"Я настроен не начинать войны с Францией, пока не обеспечу для себя содействия Польши (…) Если поляки меня поддержат, успех дела и победа гарантированы, ибо они не полагаются на надежде превышения таланта Наполеона, но на нынешнем отсутствии сил у императора французов".
И как же в свете данного письма выглядят утверждения господ, распространяющихся о "захватнической агрессии Бонапарте в отношении России"? Я уже упоминал, что войны Наполеона, по сути своей были оборонительными действиями, основывающимися на принципе, что лучшая защита – это нападение. Абсолютная уверенность в том, что Александр ударит на запад самое позднее в 1812 году, привела к предупредительному наступлению, вместо ожидания того, когда российские войска пересекут Эльбу. Еще раз это было вопросом жизни и смерти.
С этим отступлением – да ехидным (а как тут не быть ехидным?) – мы слишком сильно забегаем вперед. Давайте возвратимся к плану Александра. Этот план, обозначаемый российской разведкой псевдонимом "Великое Делание"[104]
, потерпел поражение по той прозаической причине, что поляки решительно отвергли царские обещания и сразу же сообщили о них в Париж. Таким вот образом "позиция Варшавы разбила в пух и прах план застать Наполеона врасплох" (Кукель), но намерений Александра не изменила. Все так же – видя, что Испания, словно вечно голодный дракон, заглатывает очередные десятки тысяч французов – он готовился к нападению, но передвинул его по по времени ев шесть-десять месяцев, чтобы собрать соответствующие силы.И собирал он их с таким напряжением, какого Россия еще никогда не видела. Польская разведка и князь Юзеф Понятовский лично неустанно тревожили французов известиями и неслыханных вооружениях и концентрации русских армий на границах Герцогства с намерением фронтального наступления на запад, хотя как в Париже, Дрездене, а так же в Гамбурге (штаб-квартире маршала Даву) считалось хорошим тоном на подобные сообщения махать рукой. Наполеон, уверенный, что поляки попросту устраивают истерики и преувеличивают в опасении за собственную шкуру, польские тревожные предупреждения называл "глупостями". Только лишь подтверждающие все это сведения, добытые французской разведкой в Петербурге, открыли ему глаза.
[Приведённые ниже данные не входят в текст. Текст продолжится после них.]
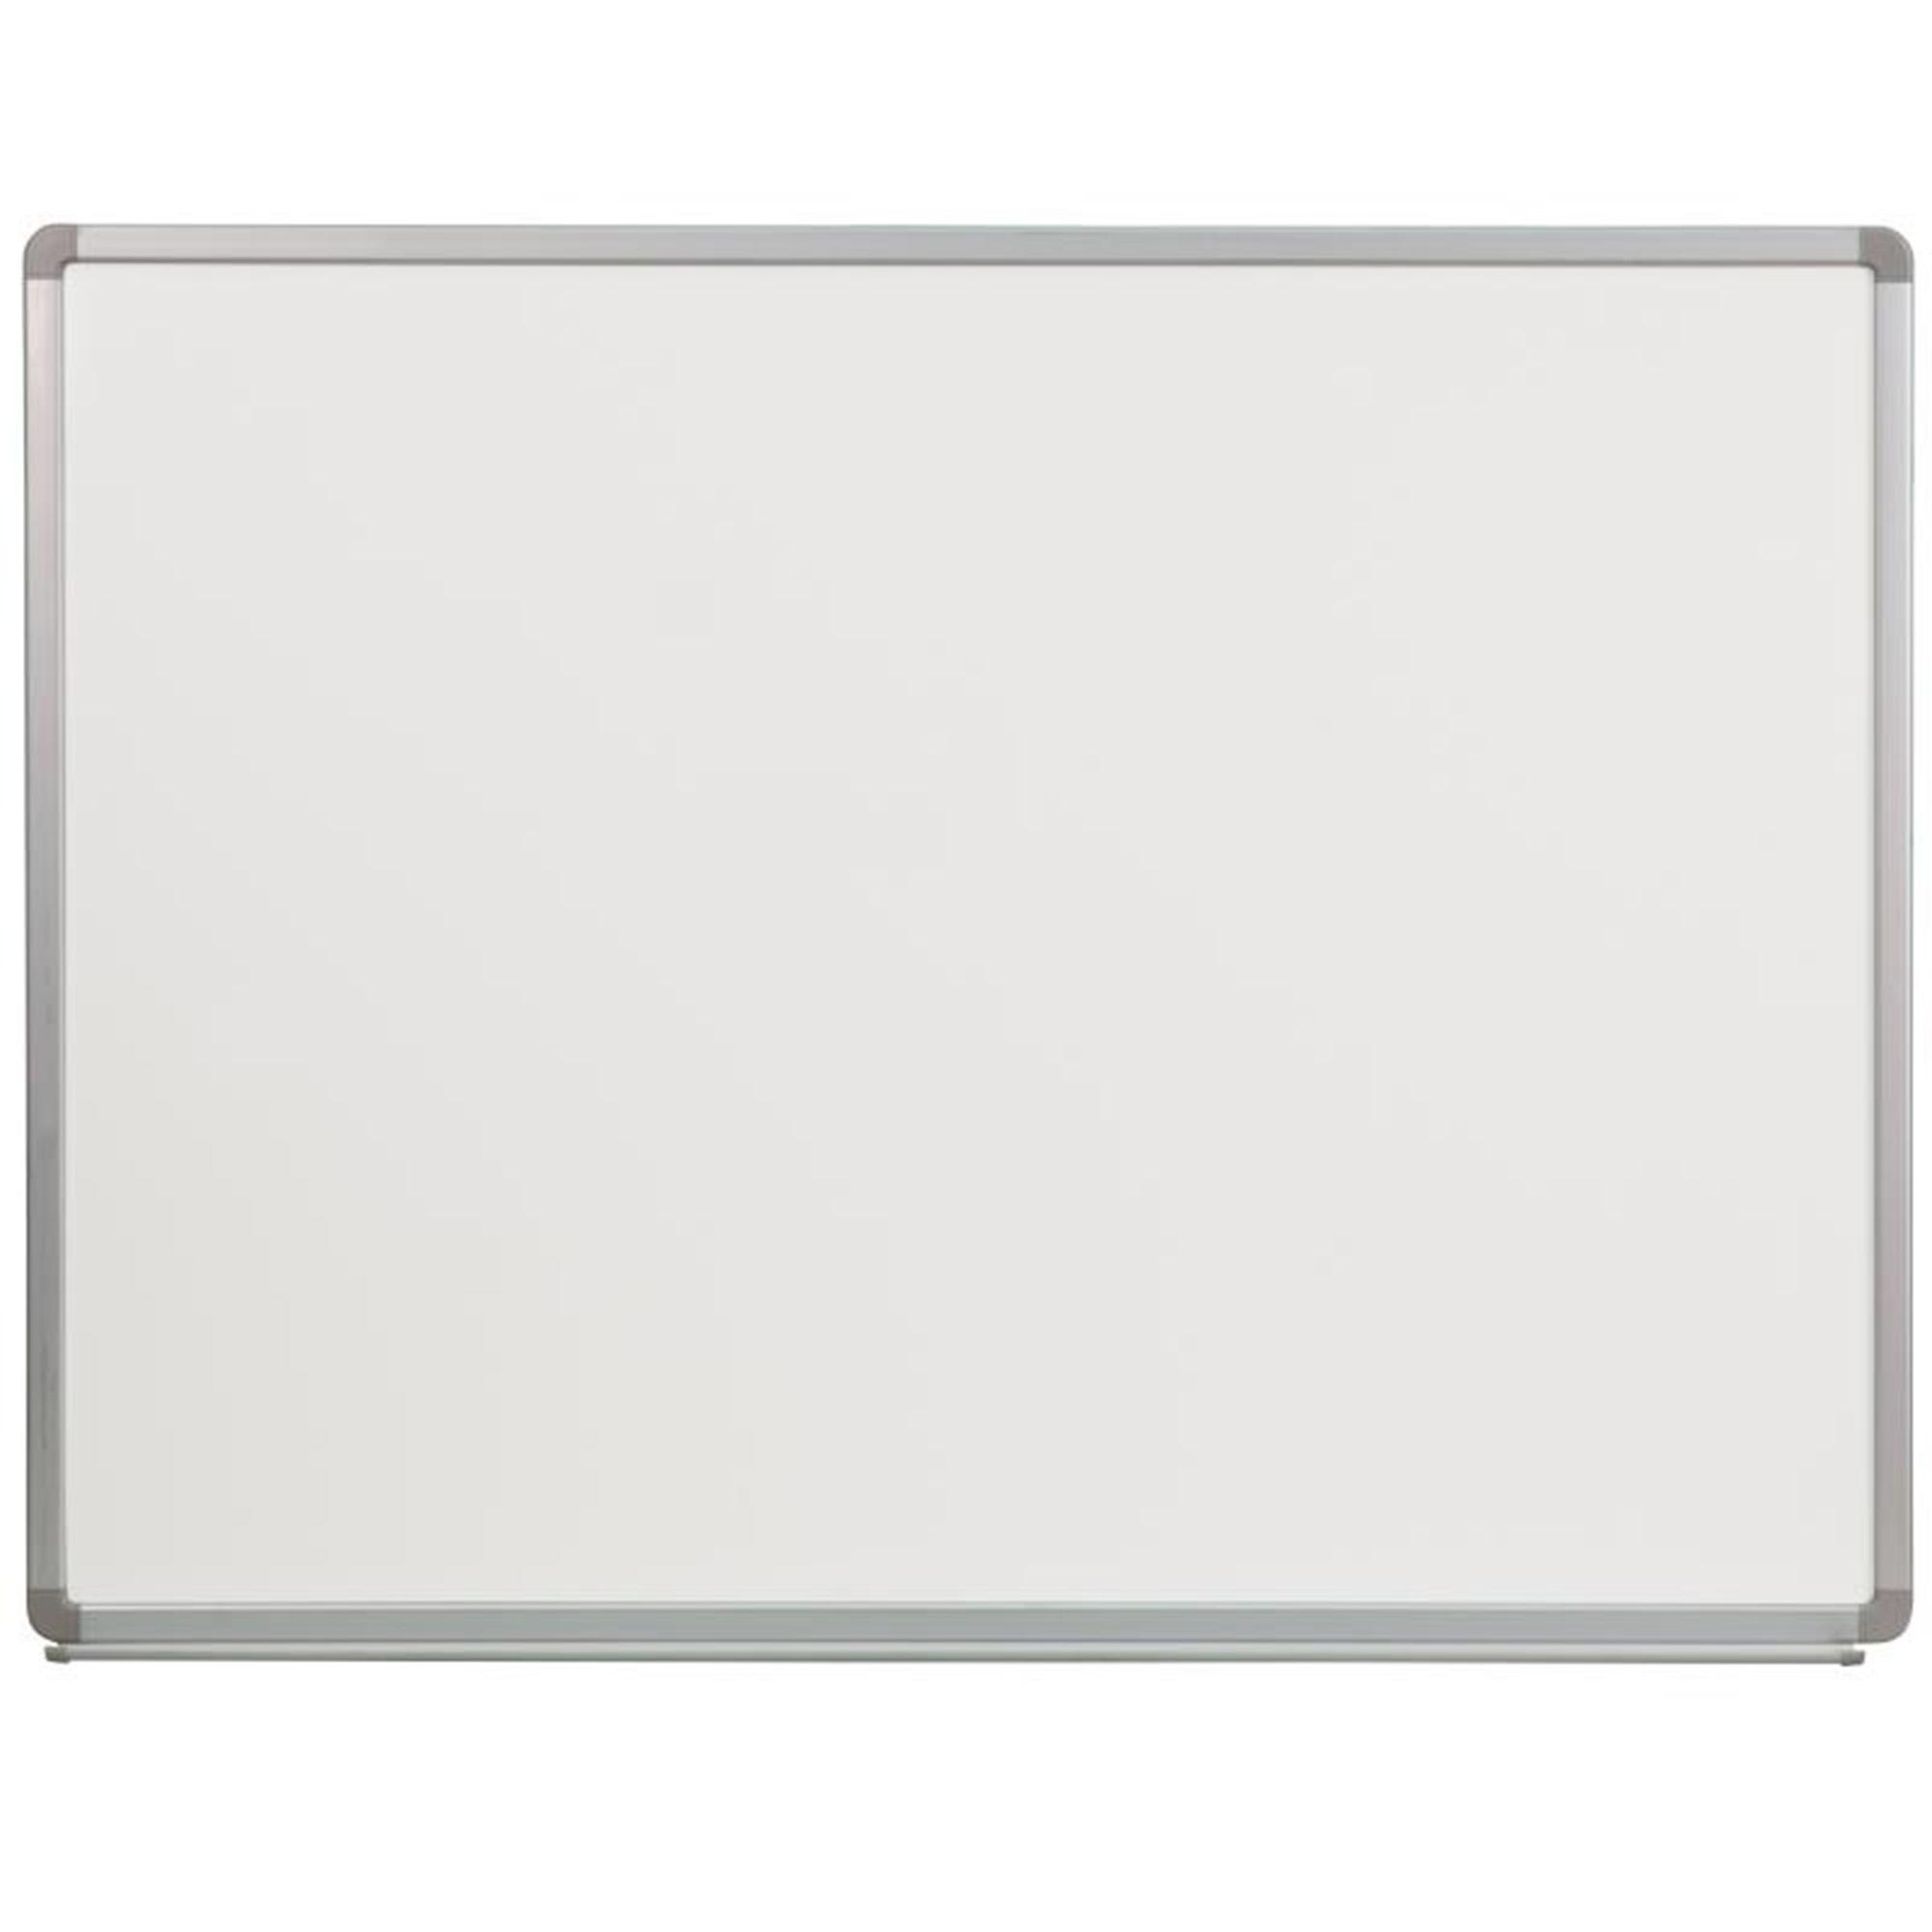 Offex 4' W x 3' H Porcelain Magnetic Marker Board YU-90X120-POR-GG

15 августа 1811 года, во время торжественной аудиенции, данной дипломатическому корпусу в день рождения Наполеона, случился один из легендарных приступов ярости императора. В присутствии остолбеневших дипломатов со всей Европы и какой-то части Азии, стоя на широко расставленных ногах перед трясущимся от страха послом Куракиным, Бонапарте ревел:
- Вас разбили под Рущуком (в войне с Турцией – Прим. В. Л.), поскольку у вас было мало сил, а знаете почему?! Потому что целых пять дивизий вы вывели из дунайской армии, чтобы направить их к границам Польши! Знаю я ваши коварные штучки!... Коленкур может говорить, что ему заблагорассудится, но я прекрасно знаю, что царь собирается напасть на меня! Я не столь глуп, чтобы предполагать, что вы имеете в виду Ольденбург, за такое ничтожество никто воевать не будет! Я прекрасно знаю, что имеете в виду вы – Польшу!!... Вы пересылаете мне различные планы, касающиеся Польши. Так вот, знайте, что
Вам достаточно? Польская карта была открыта. Куракин, трясясь, выбежал из дворца Тюильри, он почти что плакал, и единственное, что он мог выдавить из себя на выходе, было:
- У Его Императорского Величества сегодня так жарко…
И с каждым днем теперь становилось все жарче. Уже 16 августа Наполеон в специальном мемориале уточнил главную цель близящейся конфронтации («восстановление Польского королевства»), после чего приступил к концентрации Великой Армии в таких размерах, которых Европа в течение всей своей истории никогда не видела. Он заставил Пруссию и Австрию заключить союзные договора, собрал более полмиллиона солдат из различных стран и 9 мая 1812 года выступил из Парижа на восток – на войну.
Он не хотел ее. Война была ему ужасно не к месту. В Испании у французов все шло настолько паршиво, что хуже уже просто не могло быть. История продолжающейся уже более четырех лет испанской кампании была альманахом немногочисленных успехов и бесчисленных поражений французских маршалов. Испания сделалась воспаленной язвой на теле Империи, и каждому было ясно, что только вмешательство самого «бога войны» во главе Великой Армии может сдвинуть чашу весов в пользу французов. Только сам он опасался идти за Пиренеи, поскольку царь только этого и ожидал. Потому вначале ему нужно было разбить царя.